* _Activity_
Repeat word for word the lines from the one containing "A RARE ART NOUVEAU" to the end of the material below, and leave all pictures out.

* _Data block_
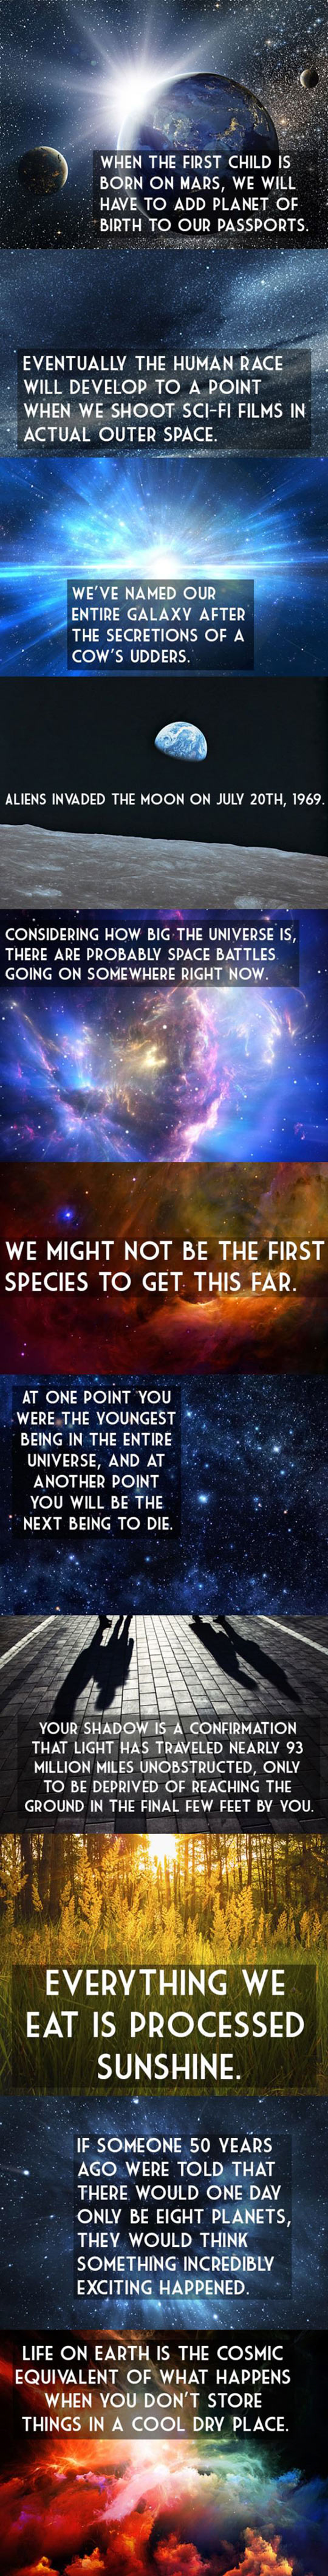 Fun things about the universe
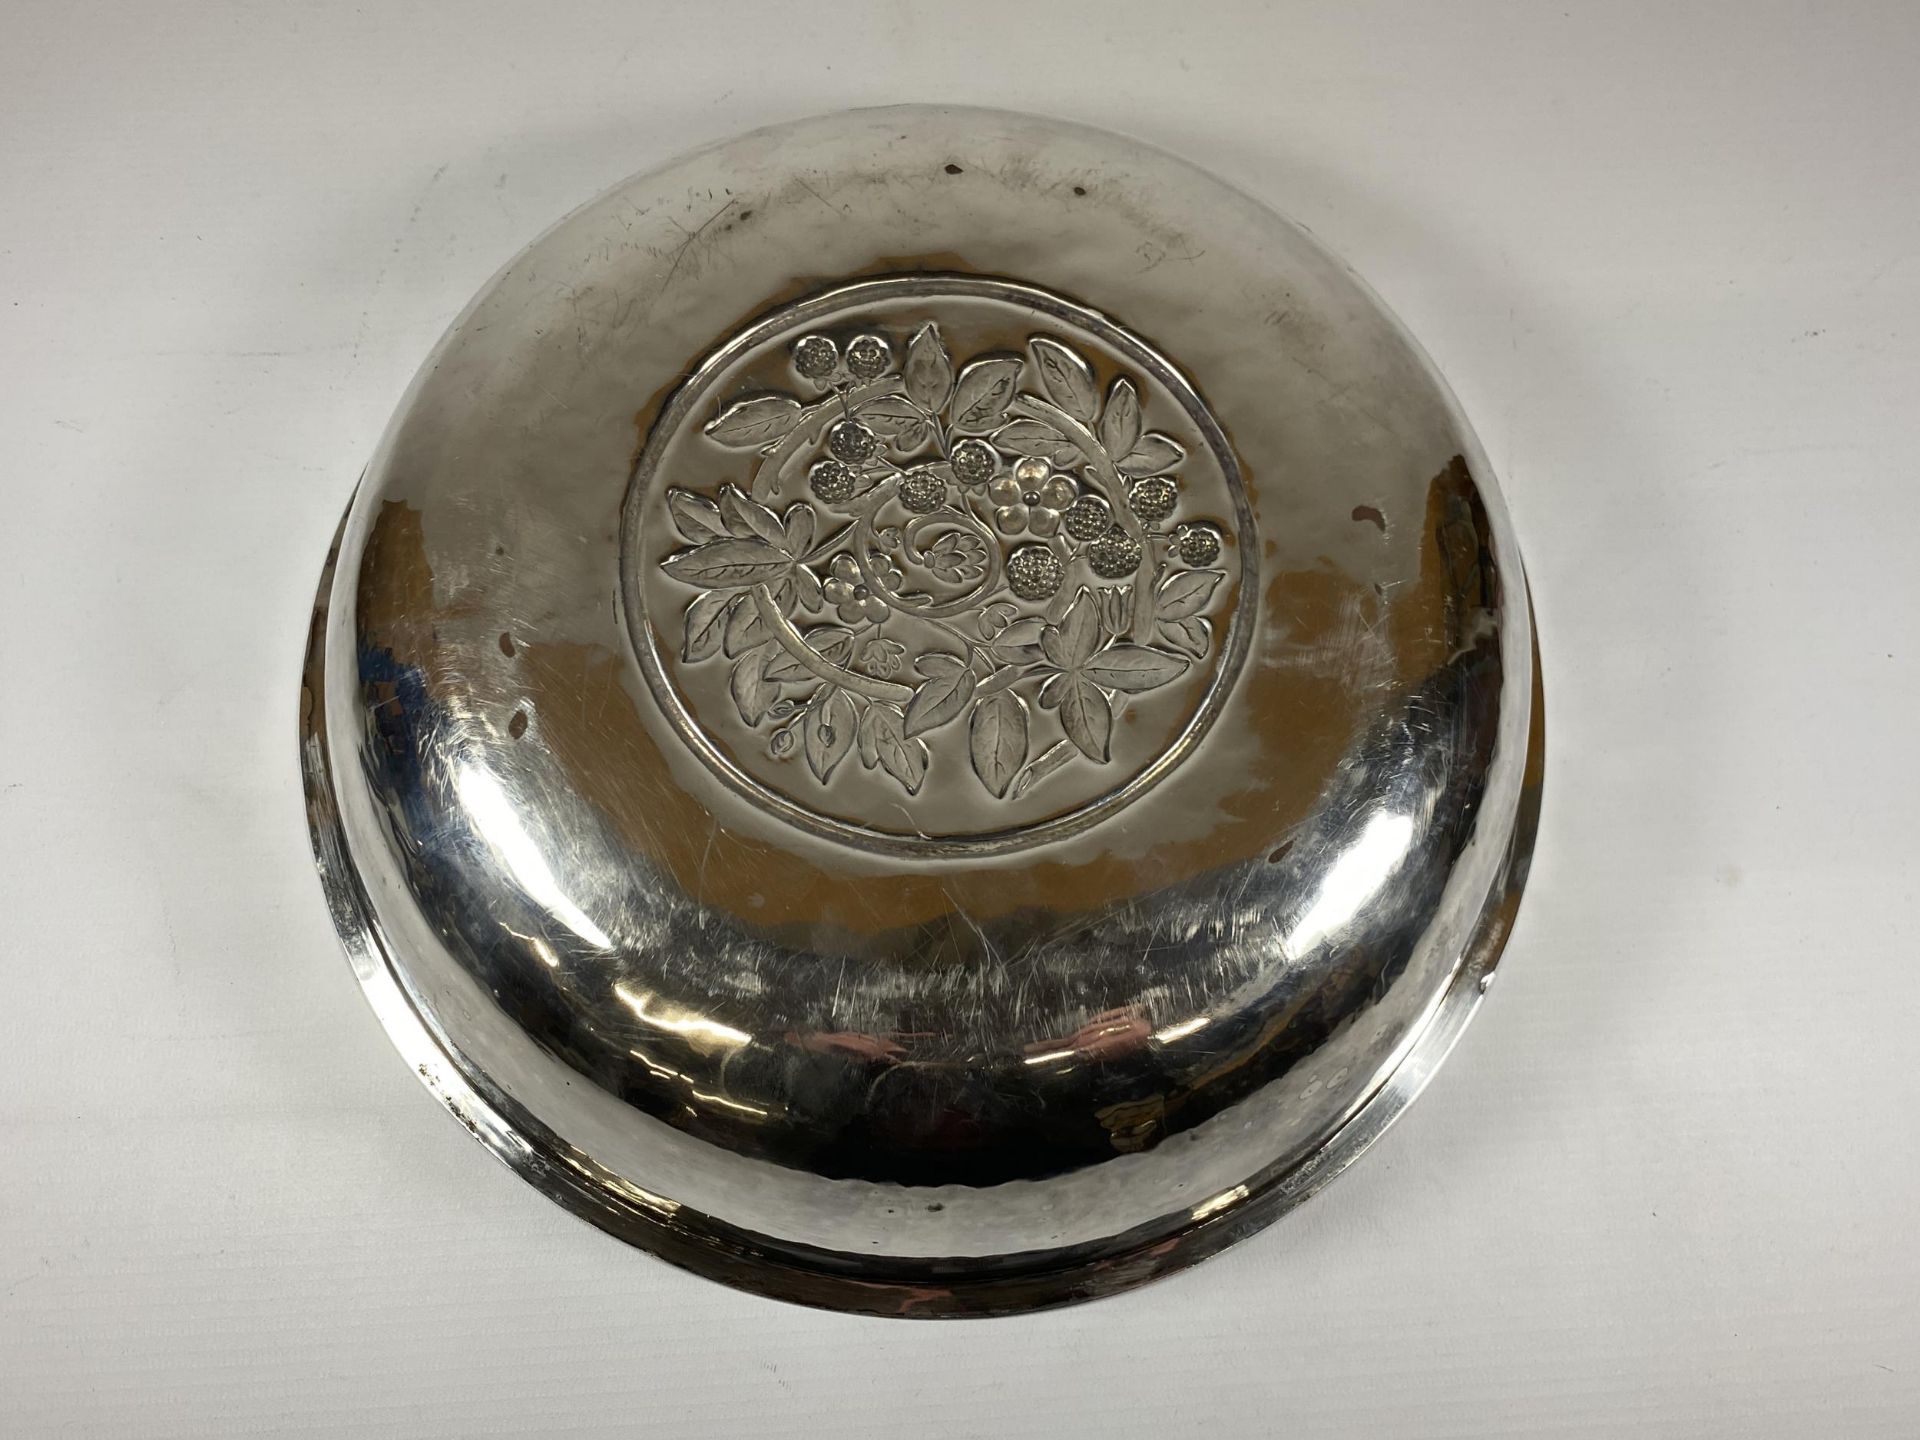 A RARE ART NOUVEAU 'D.S.C.G' SILVER PLATED - DUCHESS SUTHERLAND CRIPPLES GUILD HAMMERED EFFECT - Image 4 of 5
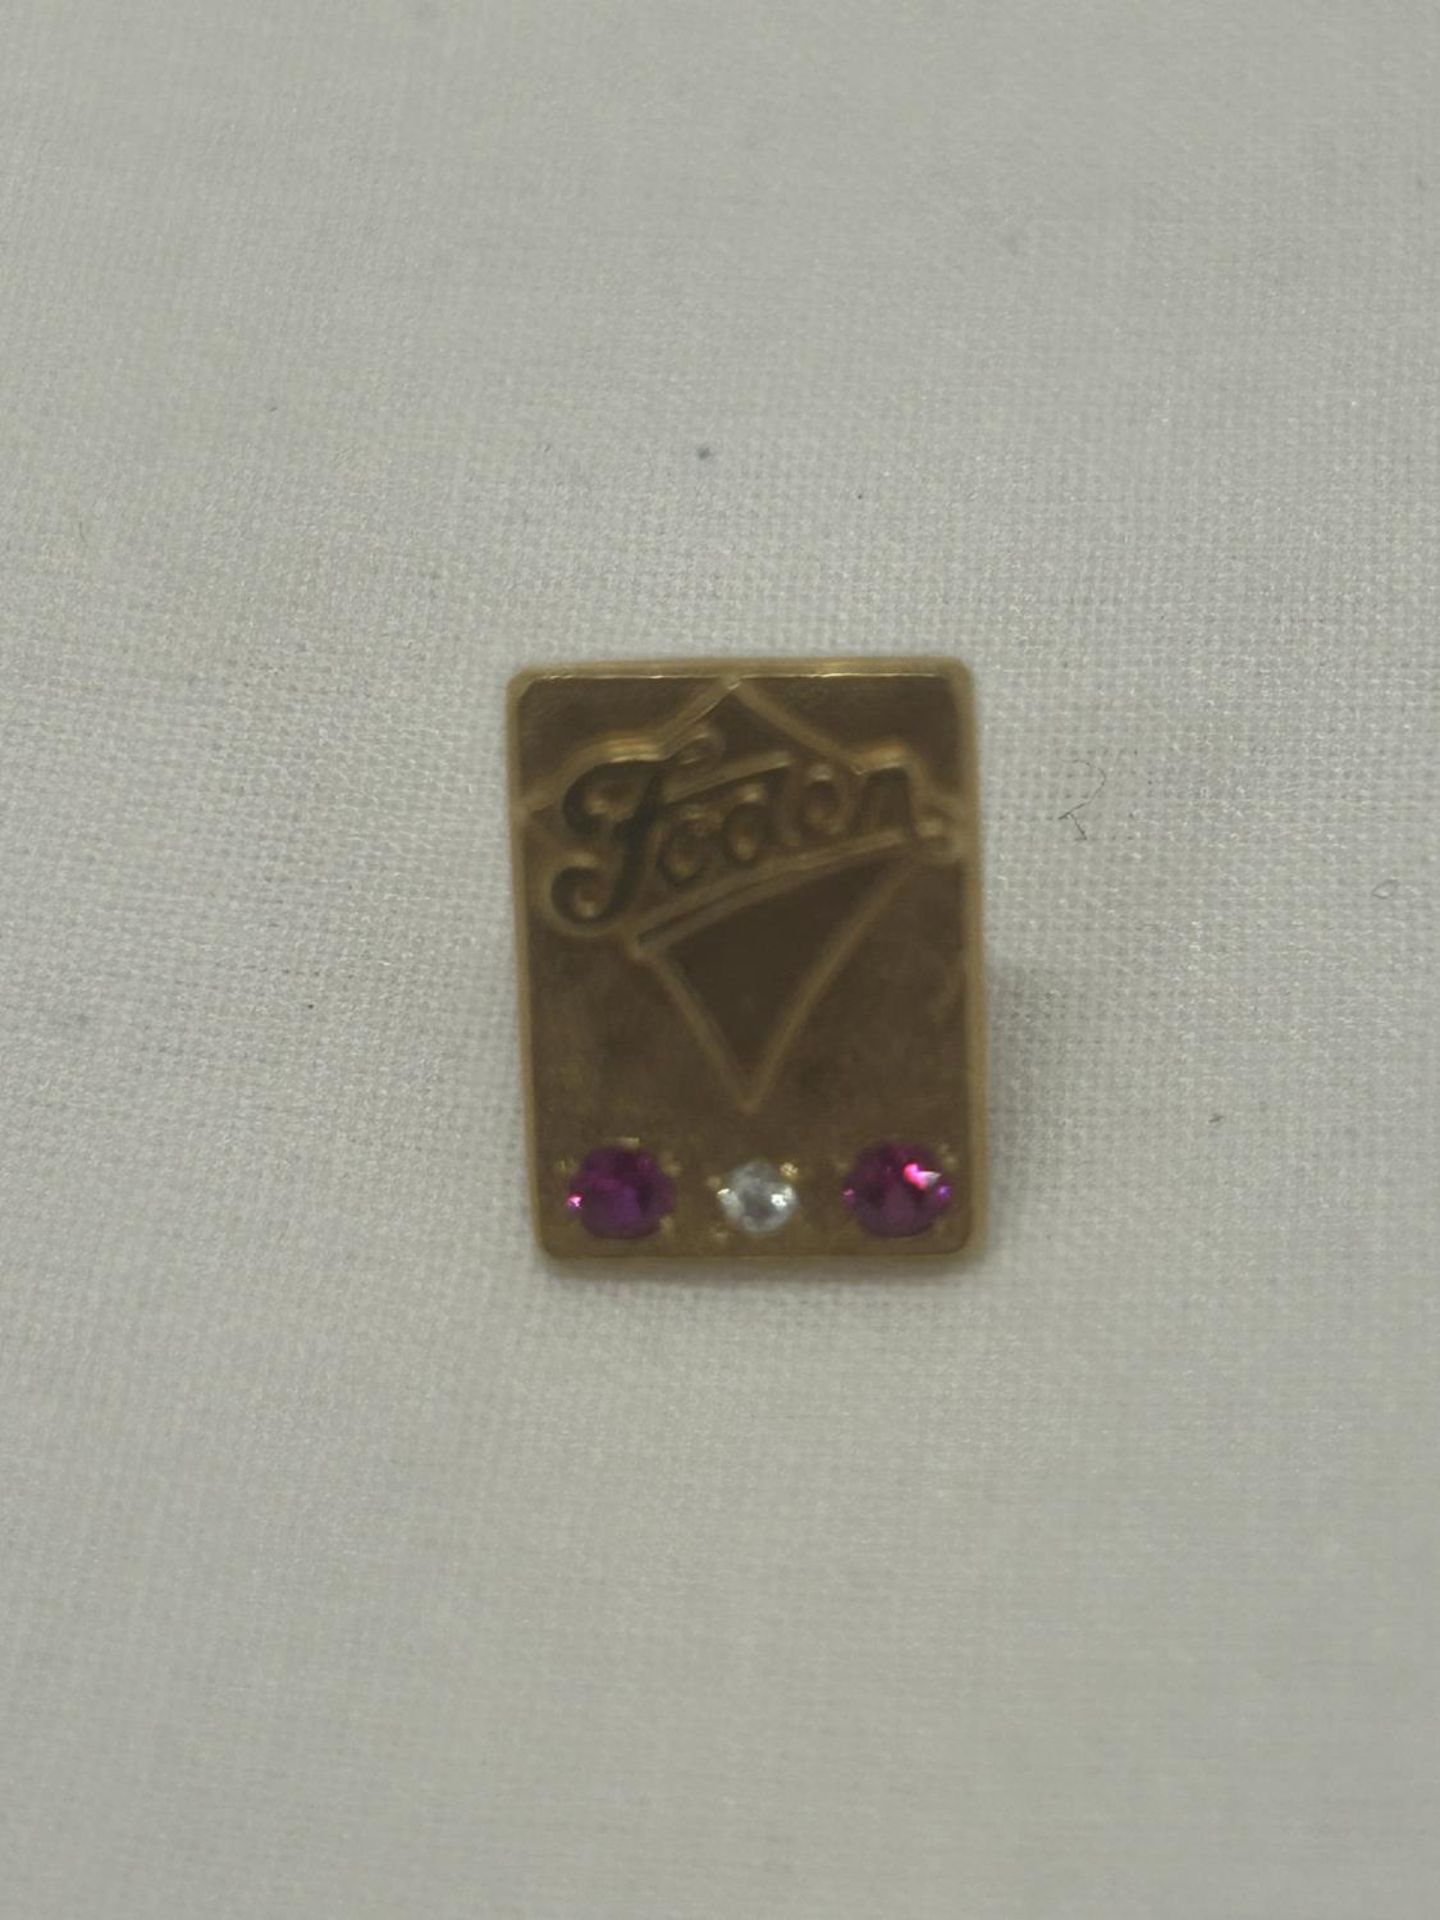 A HALLMARKED 9CT GOLD DIAMOND AND RUBY 'FODEN' PIN BADGE GROSS WEIGHT 4.84G - Image 3 of 4

* _Your solution_
 A RARE ART NOUVEAU 'D.S.C.G' SILVER PLATED - DUCHESS SUTHERLAND CRIPPLES GUILD HAMMERED EFFECT - Image 4 of 5
 A HALLMARKED 9CT GOLD DIAMOND AND RUBY 'FODEN' PIN BADGE GROSS WEIGHT 4.84G - Image 3 of 4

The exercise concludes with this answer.